# Something wrong with my PC?



## kibblesx (Aug 30, 2017)

OS: windows 8.1
RAM: 10gb
Processor: AMD A6-5200 APU with Radeon HD Graphics (4 CPUs), 2.0GHz
ETC

my pc is gradually slowing down more and more and i don't know why. also i'm fairly good with pcs. it's not a very good pc for 2017, but it's unusually slower than it should be.

this problem is more obvious in browsers when i play games, but it seems to be a pc wide problem. i have warframe, smite, and a couple other games on my pc. i always had to play these games on low quality and still have low fps, but any time i start playing a new game, over time the performance of that particular game starts to slow down even more, and it's not because of game updates.
a long time ago when i started playing bonk.io on firefox (because chrome wasn't good with flash games) it ran perfectly. i had absolutely no hardware lag on that game. then over time the performance started to dip. this has happened with pretty much every flash game i played long term too.

my pc is also unusually slow while browsing, or even starting up. everything is just slow.....

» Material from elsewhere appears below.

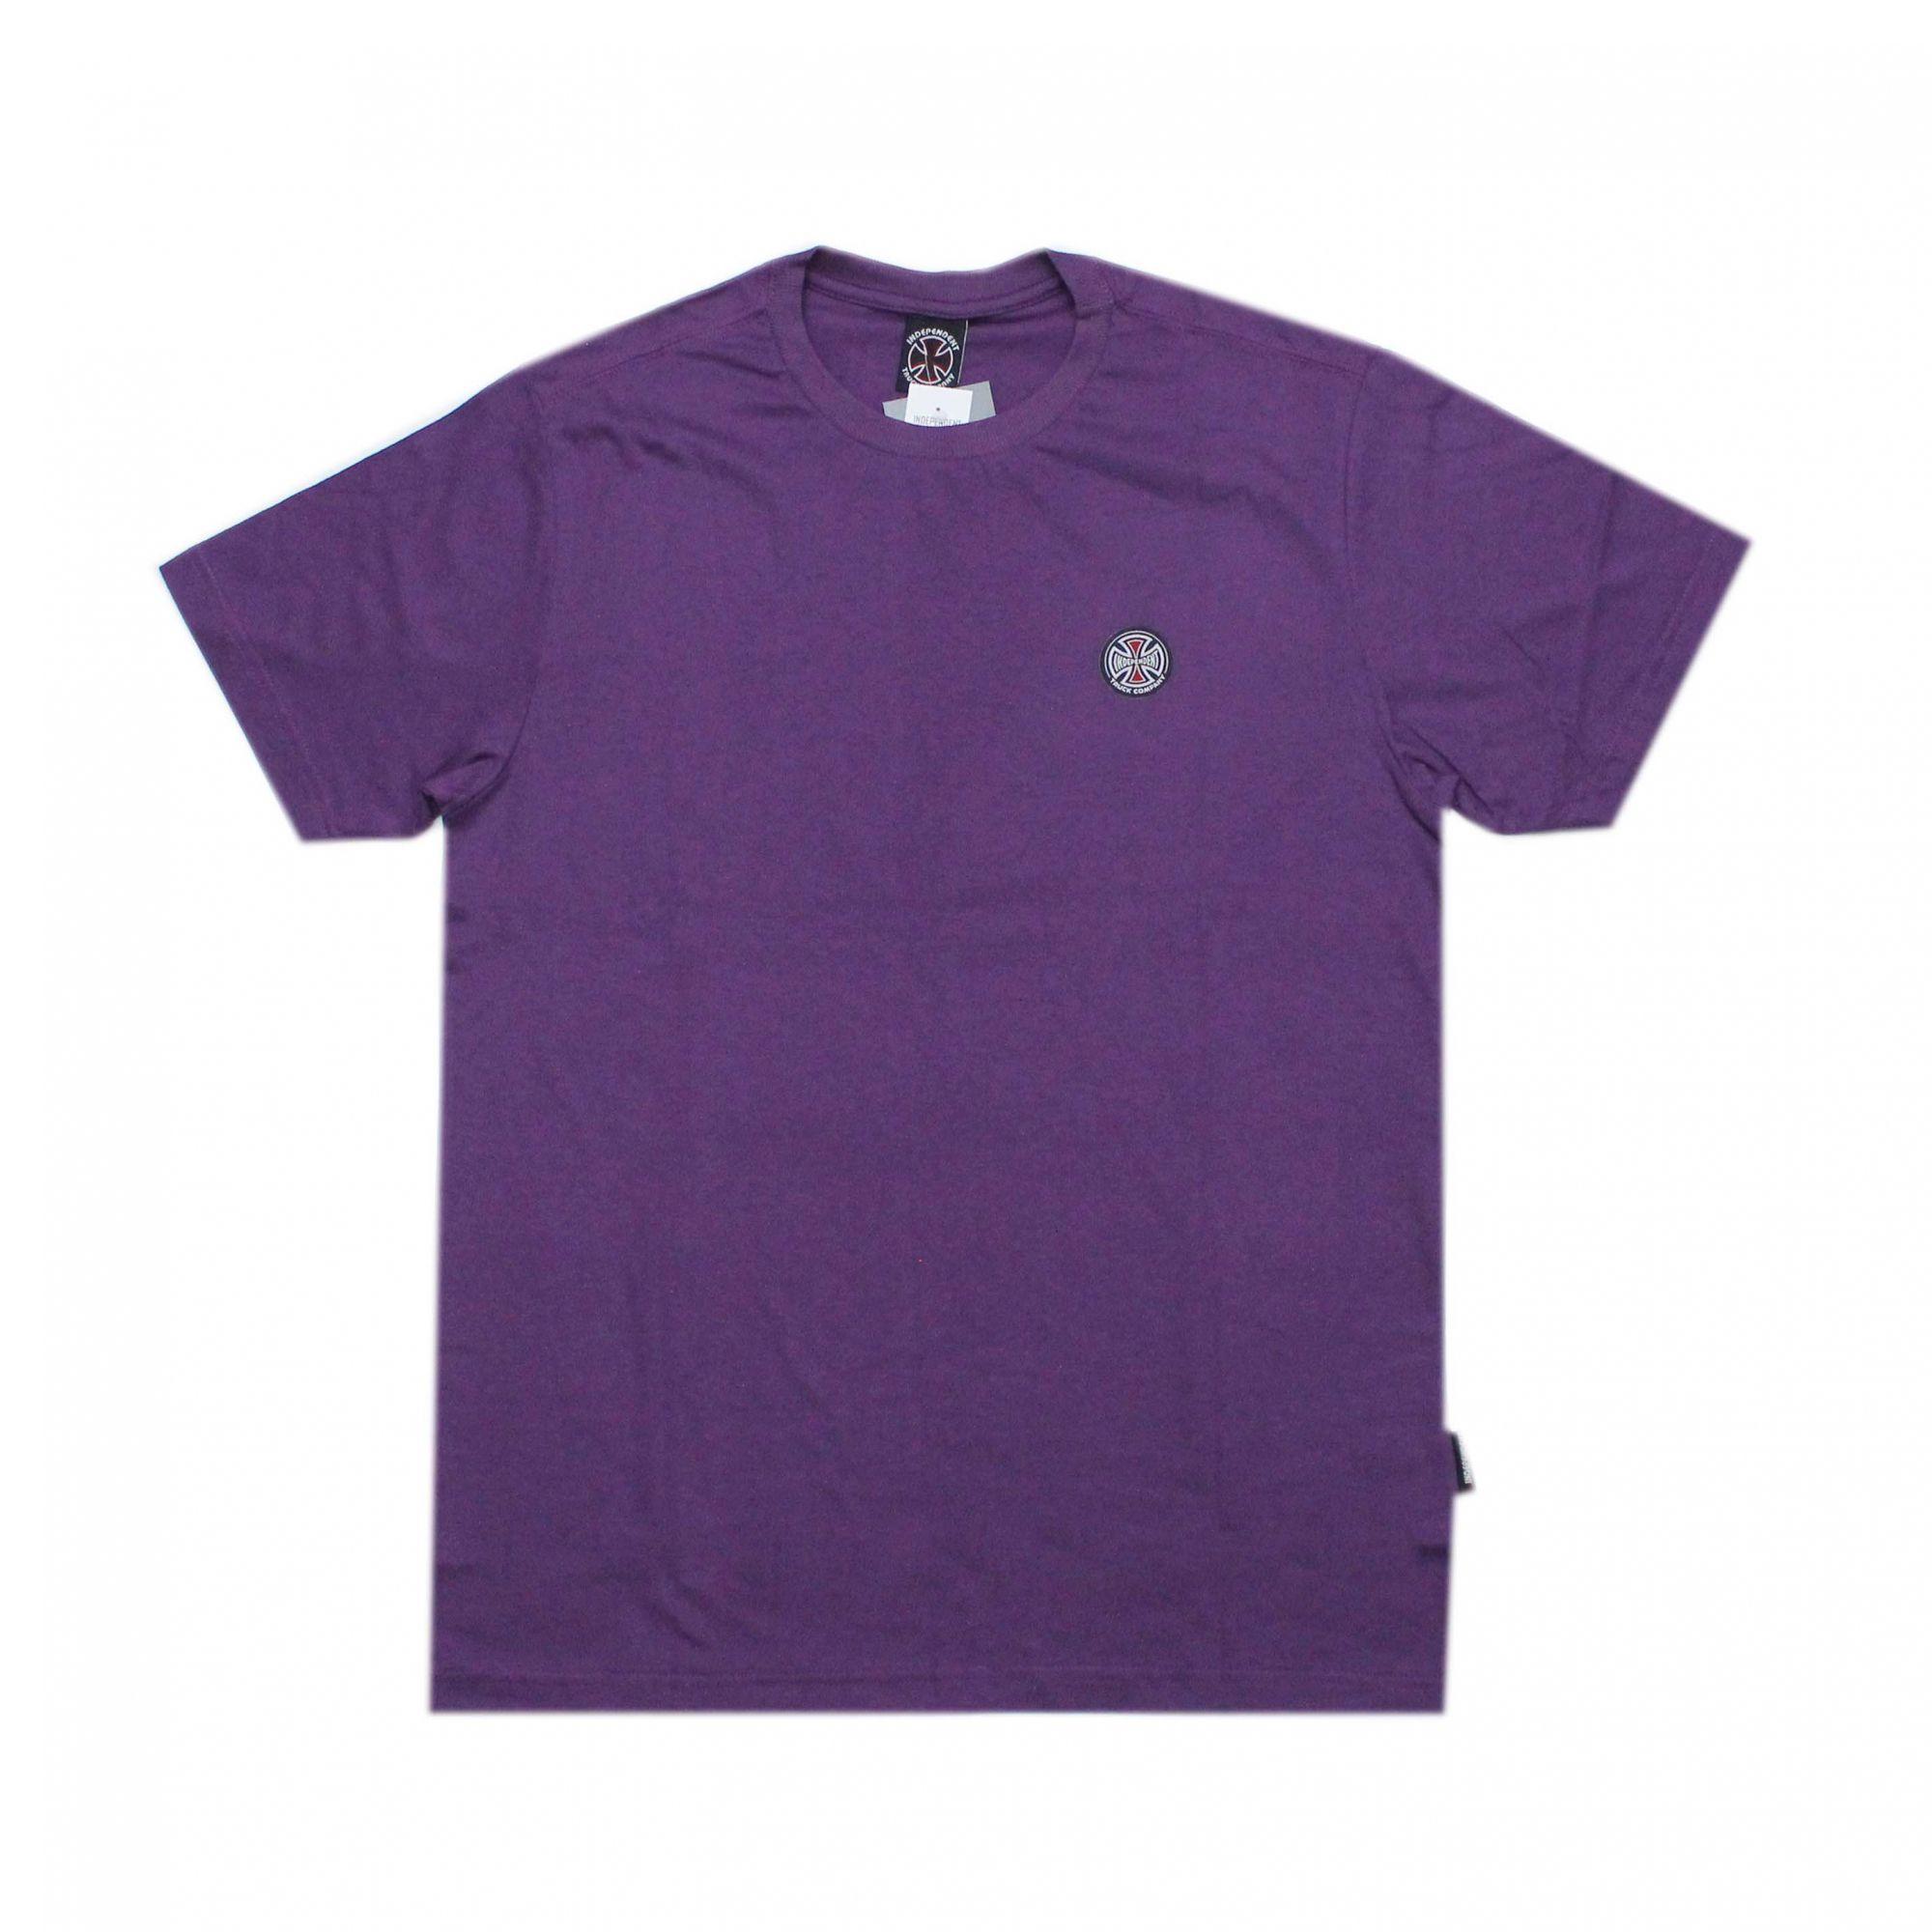 Camiseta Independent Truck Co 3 Colores F/C Roxo

i tried uninstalling unused programs, defragging, removing trash browser extensions and plugins. none of it made a real difference.
help?


----------



## DBCooper (Jun 11, 2010)

Hi there,

With regards to your slow browsing, I recommend downloading "CCleaner", install this program onto your computer, and use this program to clean up the temp files, cookies, etc.etc. that slows down browsing. Here's the link to the CCleaner program. Download the FREE version = https://www.piriform.com/ccleaner/download

With regards to the slow performance of your computer, try performing a *CHECK DISK REPAIR* and see if that helps fix the issue. Check this link out, it's the instructions on how to perform a Check Disk Repair = https://neosmart.net/wiki/chkdsk/#CHKDSK_in_Windows_8_or_81

Also, check the space of your hard drive through My Computer. Is your hard drive space almost full? Assuming so, it would surely benefit in the performance of your computer by deleting any files you no longer need, or transfer the files onto another source(e.g. External Hard Drive, Cloud, etc.etc.).

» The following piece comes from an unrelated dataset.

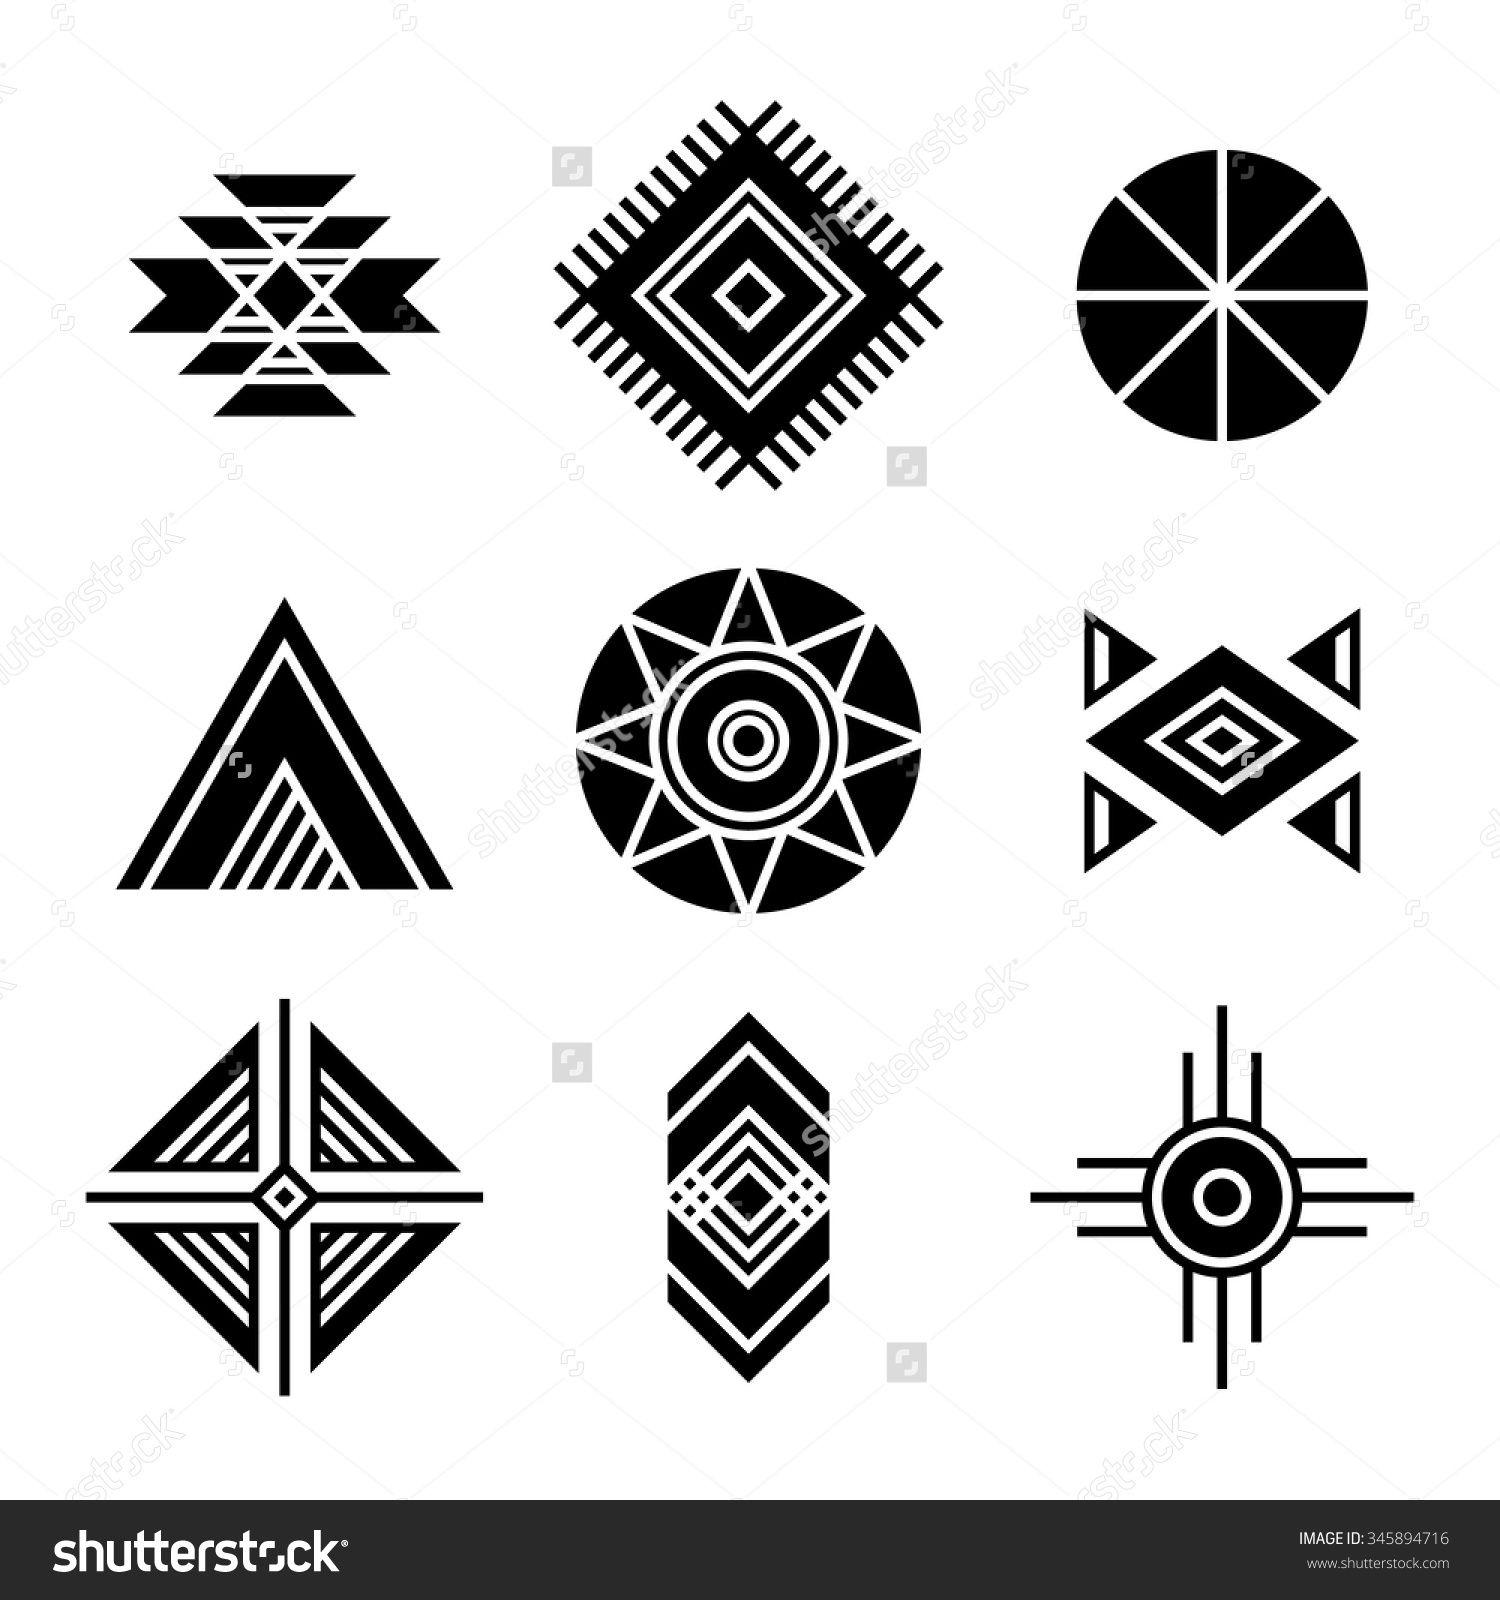 Yaqui tribe symbols images symbol and sign ideas cherokee indian tribe symbols choice image symbol and sign ideas native symbols tatu ideas pinterest native biocorpaavc

Hope everything works out well for you.


----------



## kibblesx (Aug 30, 2017)

yes, i downloaded ccleaner and i started with using the basic cleaner. unfortunately, it cleared the saved data of all of my games that i was playing for the games that save locally. i had a slight feeling that might happen, but it wasn't a big deal, so i didn't look into prevention. it cleared just over 6gb of space, but i didn't notice any performance differences.

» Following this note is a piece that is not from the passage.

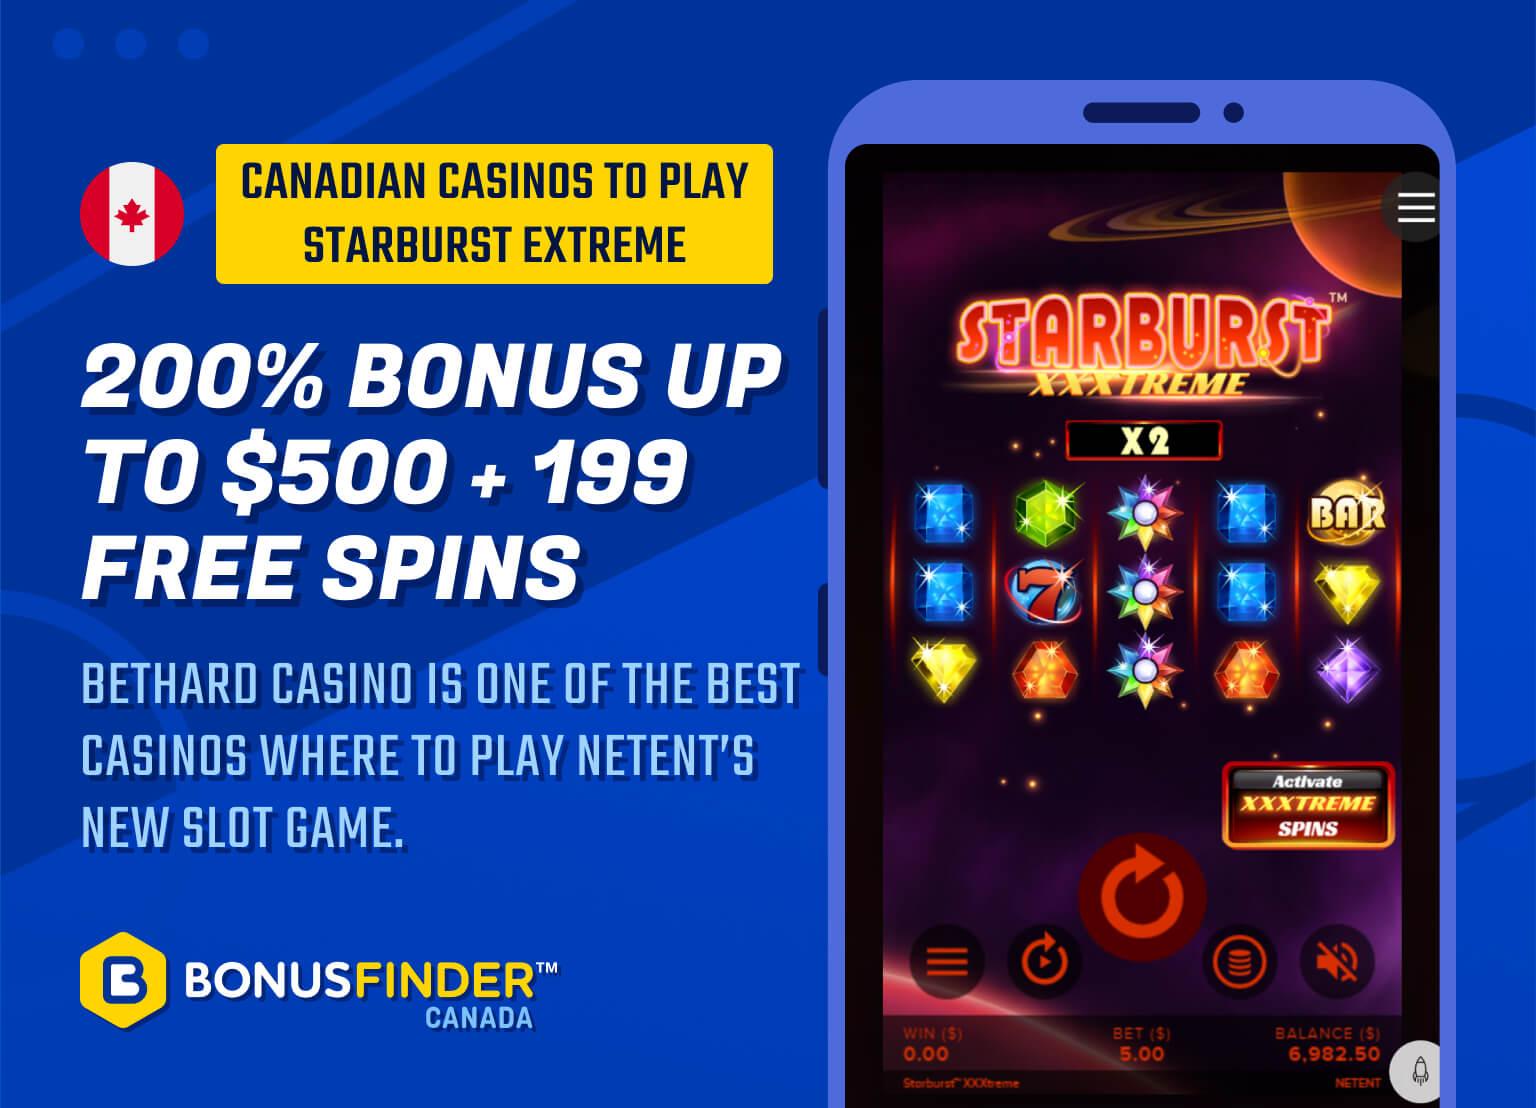 Starburst Extreme casino

i cleared the registry which had over 2100 issues. i believe this helped quite a bit.

after that i realized the firefox browser was running the 32 bit version, so i downloaded the 64 bit version and there was a great increase in performance there. i also started using the 64 bit version for one of the downloaded games i play which fixed lag spike issues. i'll have to keep an eye out for 32 bit programs from now on.

after these three tasks, the boost in performance is great.

as for the check disk repair, i checked the link you sent and did a bit of research. i typed chkdsk in the command line and it told me there weren't any problems that need fixing.
i think there might be more i can do to increase the performance of this pc, but since this is an old pc (probably a 2012 or earlier model) it might not make much more of a difference. thanks for the information and your help.


----------